This post is about the differences between LogisticRegressionCV, GridSearchCV and cross_val_score. Consider the following setup:
import numpy as np
from sklearn.datasets import load_digits
from sklearn.linear_model import LogisticRegression, LogisticRegressionCV
from sklearn.model_selection import train_test_split, GridSearchCV, \
StratifiedKFold, cross_val_score
from sklearn.metrics import confusion_matrix
read = load_digits()
X, y = read.data, read.target
X_train, X_test, y_train, y_test = train_test_split(X, y, test_size = 0.3)
In penalized logistic regression, we need to set the parameter C which controls regularization. There are 3 ways in scikit-learn to find the best C by cross validation.
LogisticRegressionCV
clf = LogisticRegressionCV (Cs = 10, penalty = "l1",
solver = "saga", scoring = "f1_macro")
clf.fit(X_train, y_train)
confusion_matrix(y_test, clf.predict(X_test))
Side note: The documentation states that SAGA and LIBLINEAR are the only optimizers for L1 penalty, and SAGA is faster for large datasets.

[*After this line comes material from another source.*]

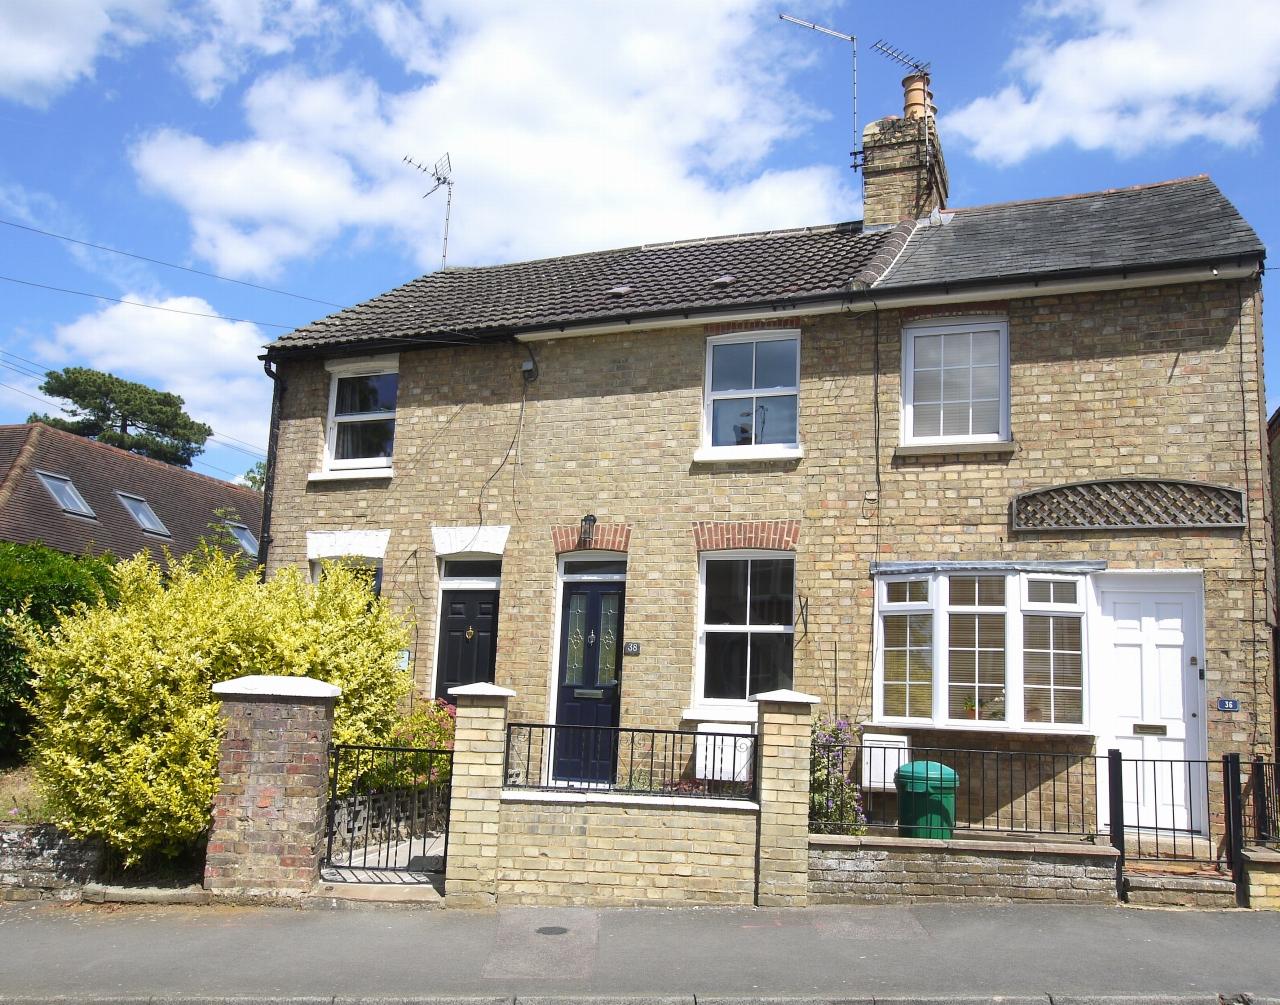 2 bedroom mid terraced house Sold in Sevenoaks - Photograph 2

Unfortunately, warm starting is available for Newton-CG and LBFGS only.
GridSearchCV
clf = LogisticRegression (penalty = "l1", solver = "saga", warm_start = True)
clf = GridSearchCV (clf, param_grid = {"C": np.logspace(-4, 4, 10)}, scoring = "f1_macro")
clf.fit(X_train, y_train)
confusion_matrix(y_test, clf.predict(X_test))
result = clf.cv_results_
cross_val_score
cv_scores = {}
for val in np.logspace(-4, 4, 10):
clf = LogisticRegression (C = val, penalty = "l1",
solver = "saga", warm_start = True)
cv_scores[val] = cross_val_score (clf, X_train, y_train,
cv = StratifiedKFold(), scoring = "f1_macro").mean()
clf = LogisticRegression (C = max(cv_scores, key = cv_scores.get),
penalty = "l1", solver = "saga", warm_start = True)
clf.fit(X_train, y_train)
confusion_matrix(y_test, clf.predict(X_test))
Questions
- Have I performed cross validation correctly in 3 ways?
- Are all 3 ways equivalent? If not, can they be made equivalent by changing the code?
- Which way is the best in terms of elegance, speed or any criteria? (In other words, why are there 3 ways of cross validation in scikit-learn?)
Non-trivial answers to any one question are welcome; I realize they are a bit long but they are hopefully a good summary of hyperparameter selection in scikit-learn.